If you have got this far you have succeeded in setting up and testing an LSID. Unfortunately they only resolve if the client knows the URL of the Authority. We need to do something with DNS so that clients can discover the authority location automatically. This is the "something clever" mentioned above and I refer you to the relevant section in the Perl stack tutorial for this. If you have access to your own DNS server then it is just a matter of making a new entry for your authority as described. If you don't have direct access then it is a matter of writing to someone who can do it for you.

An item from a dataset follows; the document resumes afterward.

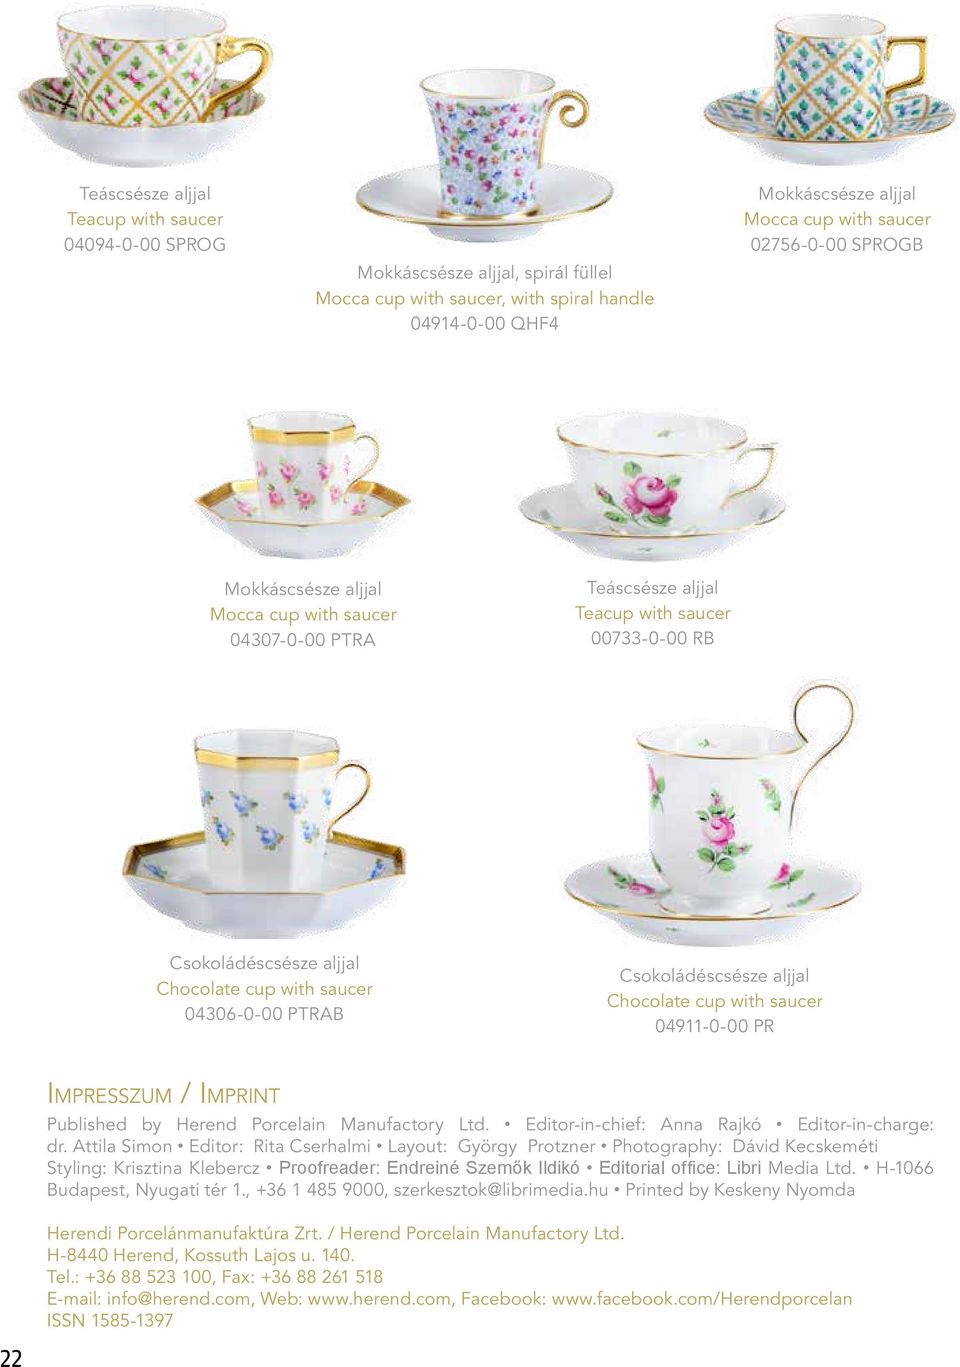 aljjal Chocolate cup with saucer 04911-0-00 PR Impresszum / Imprint Published by Herend Porcelain Manufactory Ltd. Editor-in-chief: Anna Rajkó Editor-in-charge: dr.

This may take a while as you may have to get a systems administrator to set things up so once you have set it in motion you can think about the next stage - returning real data/metadata.

Authority Files

The code that accompanies this document consists of 6 things:

  1. index.php This is the script that actually acts as the LSID Authority. Take a look at it. You should be able to understand it even if PHP is not your language as it is very simple and well commented. All it does is look to see if the client is passing an lsid parameter and either returns LsidAuthority.wsdl.php or LsidDataServices.wsdl.php with the correct URLs written in.
  2. LsidAuthority.wsdl.php and LsidDataServices.wsdl.php The two template files used by index.php. You probably won't edit these unless you need to add other services. Both are located in the "templates" directory.
  3. Three other wsdl files (SIDAuthorityServiceHTTPBindings.wsdl, LSIDDataServiceHTTPBindings.wsdl and LSIDPortTypes.wsdl). These files are supporting files for the two template files. You do not need to edit them.
  4. data.php This script responds to LSID resolution calls to return object data and is not implemented. Since the data representation associated with LSIDs is never supposed to change, it is usually recommended to return all data as metadata.
  5. lsid_settings.xml.tmpl This file contains sample settings for the TAPIR call that the LSID call is converted to. It is located in the "config" directory.
  6. TpLsidResolver.php Main class responsible for LSID resolution. This file is located in the "classes" directory.

Error Handling

There is no error handling in this code. The specification explains how errors should be thrown in the HTTP GET binding and it is pretty simple - you just return them in the HTTP header. At a minimum you should return an error if the client requests your authority to serve an LSID it isn't responsible for. The first place to do this would be to throw an error in index.php if the LSID didn't match a regular expression that described your own LSIDs. i.e. if they had the wrong authority string or namespace.